她目光重新聚焦在刘玄身上,眼神变得无比明亮,甚至带著一丝灼热:
“如今,大劫已起,席捲诸天,纵然圣人,亦无法置身事外。问道宫內,其余五位圣人,皆已寻得他们认定的『大劫主角』,提前布局,押注未来,以期在劫中谋取超脱造化,甚至……挣脱枷锁。”
“唯有吾,至今一无所获。”
她向前一步,距离刘玄更近,身上那清雅的草木芬芳隱隱传来,语气是前所未有的真挚与决绝:
“而道友你,身负三大至高因果,命格混沌,劫运缠身,却又屡创奇蹟,打破常理……你本身,就是最大的『变数』,是这盘死局中最不可预测、也最可能顛覆一切的一枚棋子!”
“天道视你为必杀之祸,恰恰证明你的存在,触及甚至可能威胁到了天道存在的根基!”
灵墟母神的声音清晰而坚定,迴荡在静室之中:
“吾助你,非为逆天,而是为自己谋一份挣脱枷锁的造化,爭一线真正逍遥的生机!”
“道友,你便是吾苦寻已久的『造化』所在,是吾挣脱天道牢笼的唯一希望!”
“因此,道友不必疑心吾之用心。相反,若道友不嫌吾力薄,吾愿立下大道誓言,自此为道友护道,伴你成长,共赴此劫!只求他日道友登临绝巔时,莫忘今日,予吾一线……真正自由之光。”
话音落下,满室针落可闻。
灵墟母神这番剖白,坦诚得令人心惊,也沉重得令人动容。
一位圣人,竟將自己摆在了如此“卑微”的求助者位置上,只为那虚无縹緲的“自由希望”。
刘玄心中翻江倒海。
灵墟母神的动机,与他的猜测吻合,却又更加具体深刻。
她不是要利用他,而是要投资他,赌一个挣脱天道控制的未来。
“这是晚辈的荣幸。”
刘玄深吸一口气,郑重抱拳,“前辈愿屈尊护道,晚辈感激不尽。他日若有所成,必不负前辈今日信任。”

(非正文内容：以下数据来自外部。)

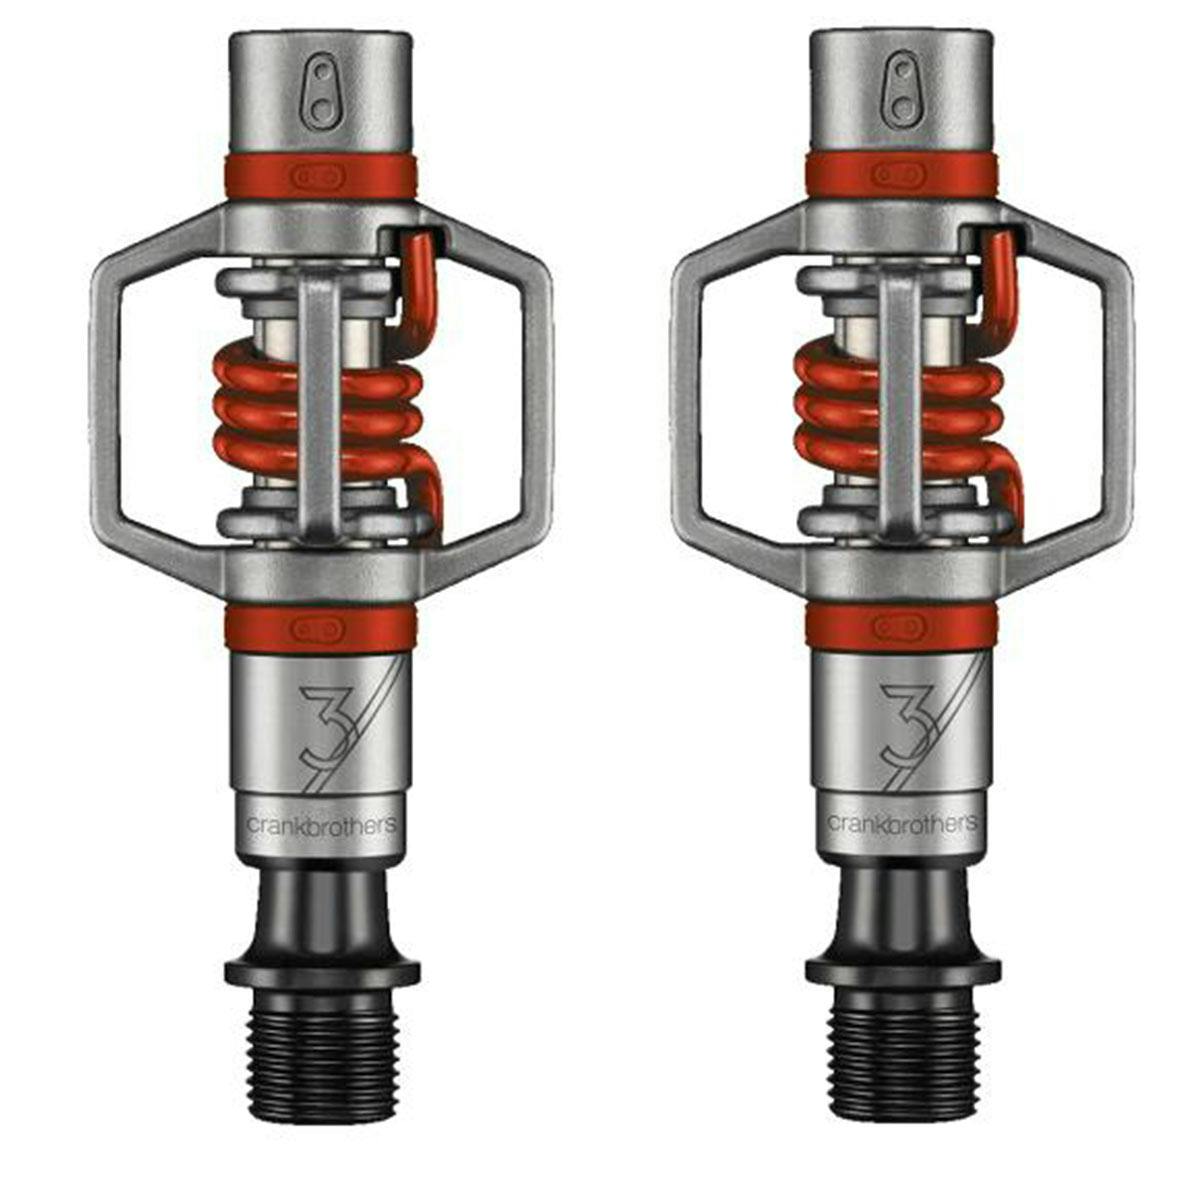 Crank Brothers Eggbeater 3 Pedals *Damaged Packaging* 2019 - Red

他心中却不由想起海兽曾言,与自己持续阴阳结合,可助其斩断天道枷锁,有望证道混元。
若此法对海兽有效,那对同样受天道束缚的灵墟母神……
这个念头一闪而过,刘玄赶紧將其压下。
眼下绝非深思此事之时,画面太美不敢细想。
“善。”
见刘玄应允,灵墟母神眼中闪过一抹释然与欣喜,微微頷首,周身气息愈发温润亲和。
刘玄收敛心绪,目光转向楚灵,问出当下另一要事:“小灵,你之前说已触发『兽神』转职任务,具体內容为何需要何种物品或契机”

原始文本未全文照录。